Z Wikiźródeł, wolnej biblioteki
Ta strona została przepisana.

— Będzie! — odrzekł krótko i oddalił się.
Chruszczow śledził go czas jakiś wzrokiem zdziwionym.
— Bestja!... — szepnął wreszcie z odcieniem dobrotliwego zgorszenia; pogładził siwą brodę i ruszył ku wybrzeżu, gdzie wśród beczek uwijał się Winblath z kilkoma ludźmi.
Wszyscy chcieli iść na tę uroczystość. Niemało miał zachodu Beniowski, aby przekonać oficerów i szeregowców, iż najprostsza ostrożność każe zostawić właśnie w takiej chwili wzmocniony oddział dla strzeżenia obozu.
— Skąd wy wiecie, że to nie podstęp, że oni nie zjawią się tu w czasie naszej nieobecności, nie zawładną naszym dobytkiem, orężem, okrętem i nas bezbronnych nie wymordują...

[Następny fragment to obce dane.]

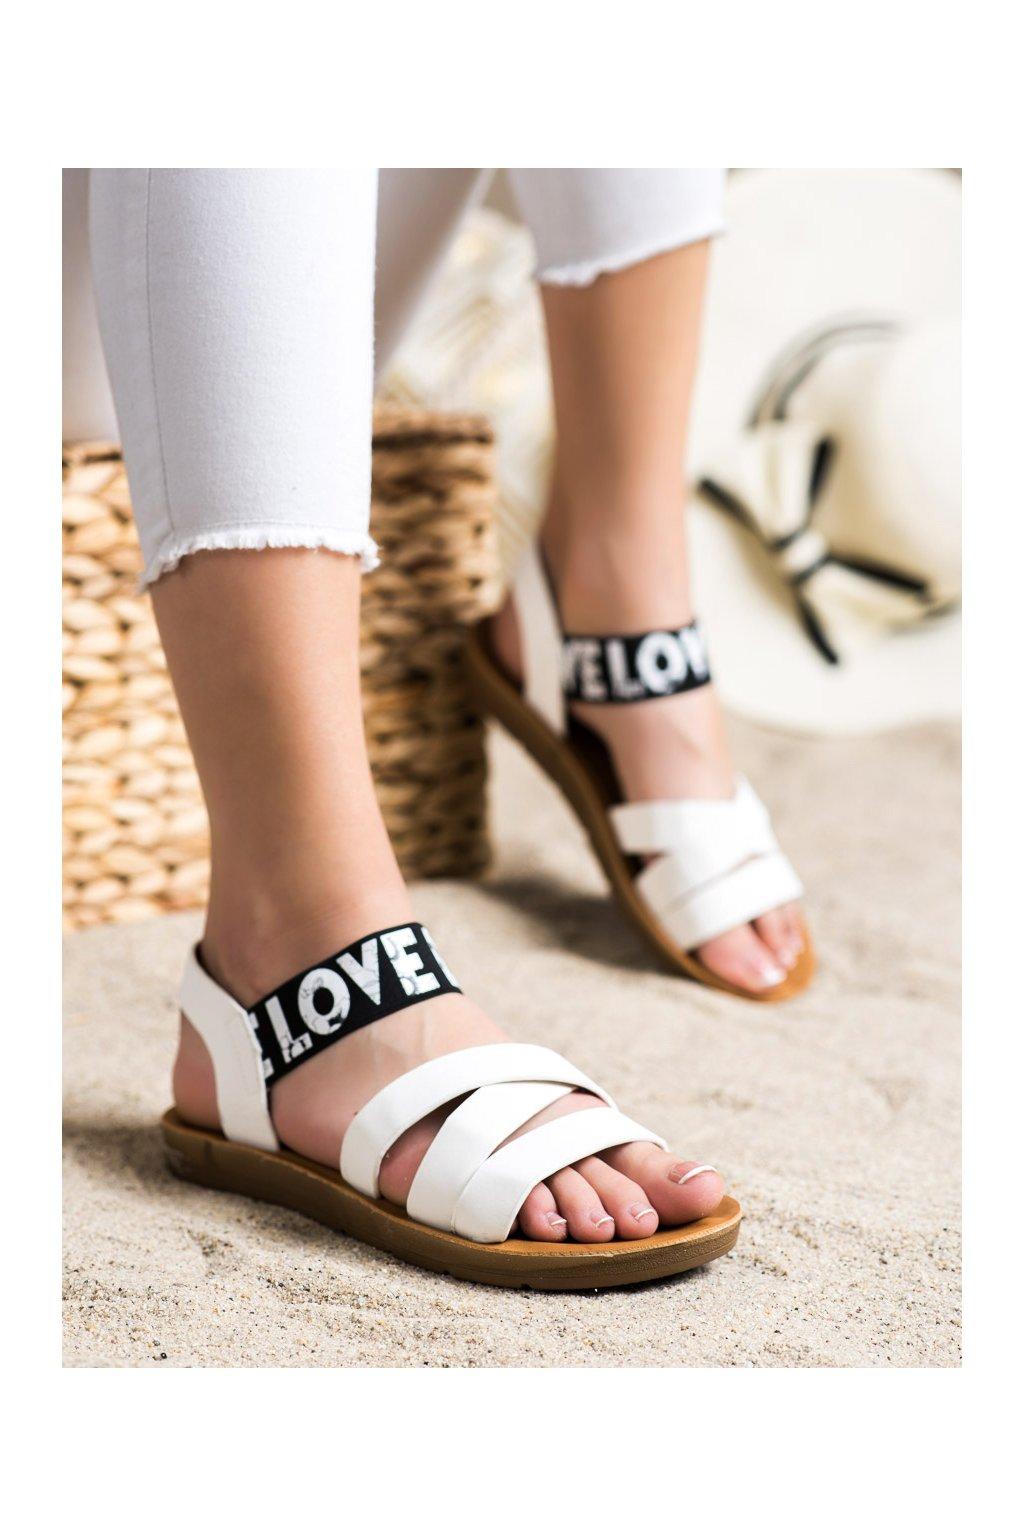 Biele sandále Shelovet kod E1503W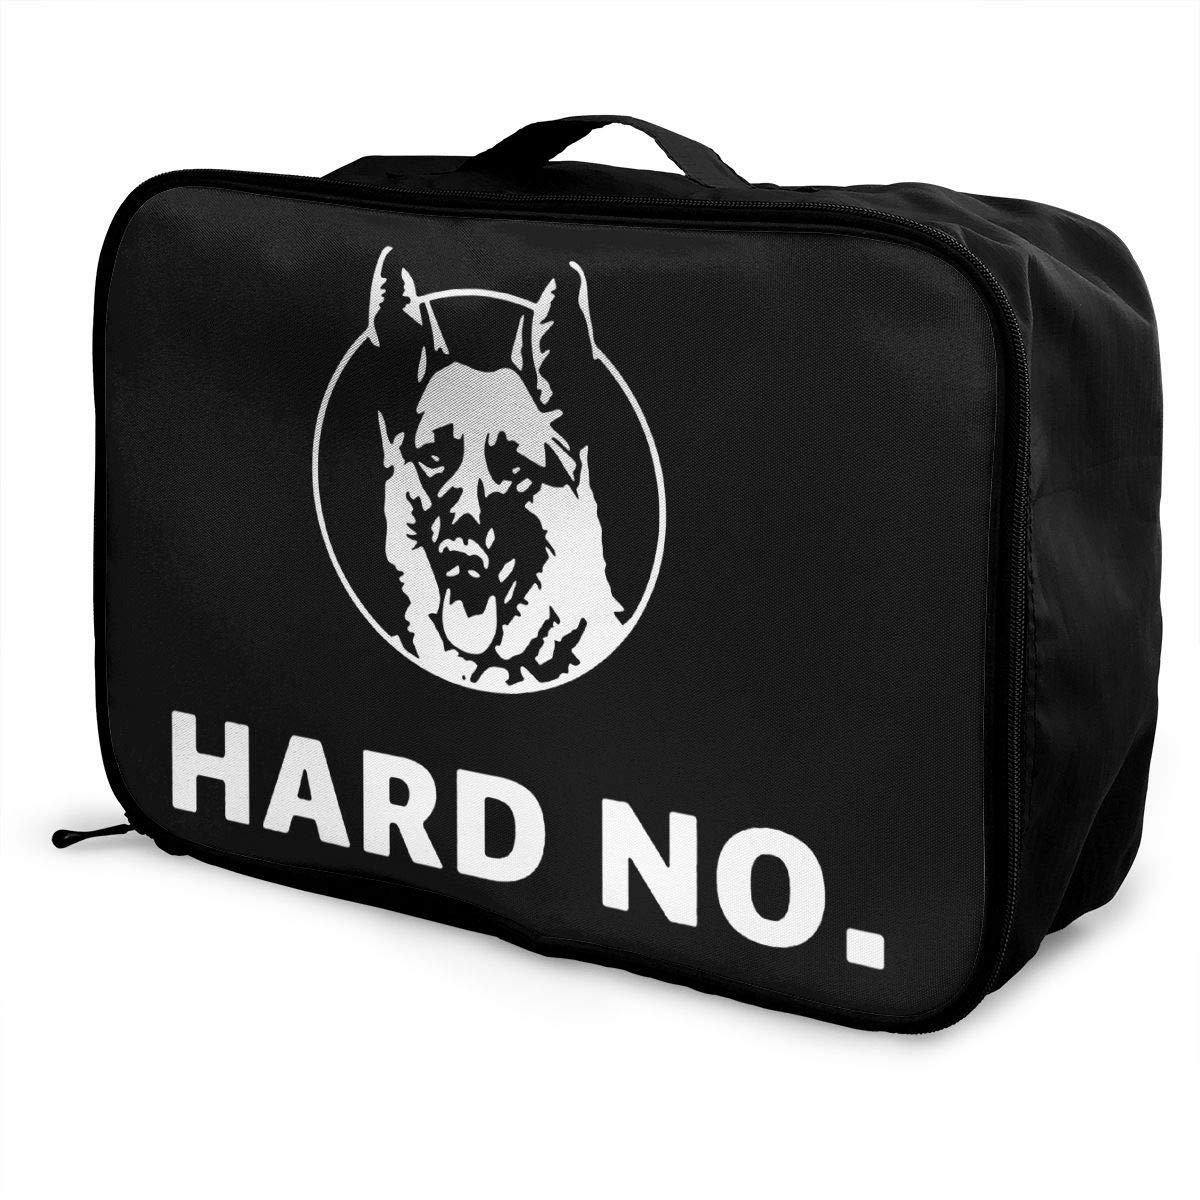 Letterkenny Hard No Travel Bag Men Women 3D Print Pattern Gift Portable Waterproof Oxford Cloth Luggage Bag

— Nie ośmielą się!... Tchórze są, my ich znamy!...
— Na niego groźnie spojrzeć, to on już się kurczy!...
— I to, że dobrzy są... Chrześcijany... Niczego nie odmawiają!...
— Baby i dziewki też mają... miłosierne!...
— Właśnie!... W tem cała ich siła!...
— Ktoby ich tam krzywdził, kiedy sami wszystko oddają!... — wołali jeden przez drugiego, żartując i śmiejąc się.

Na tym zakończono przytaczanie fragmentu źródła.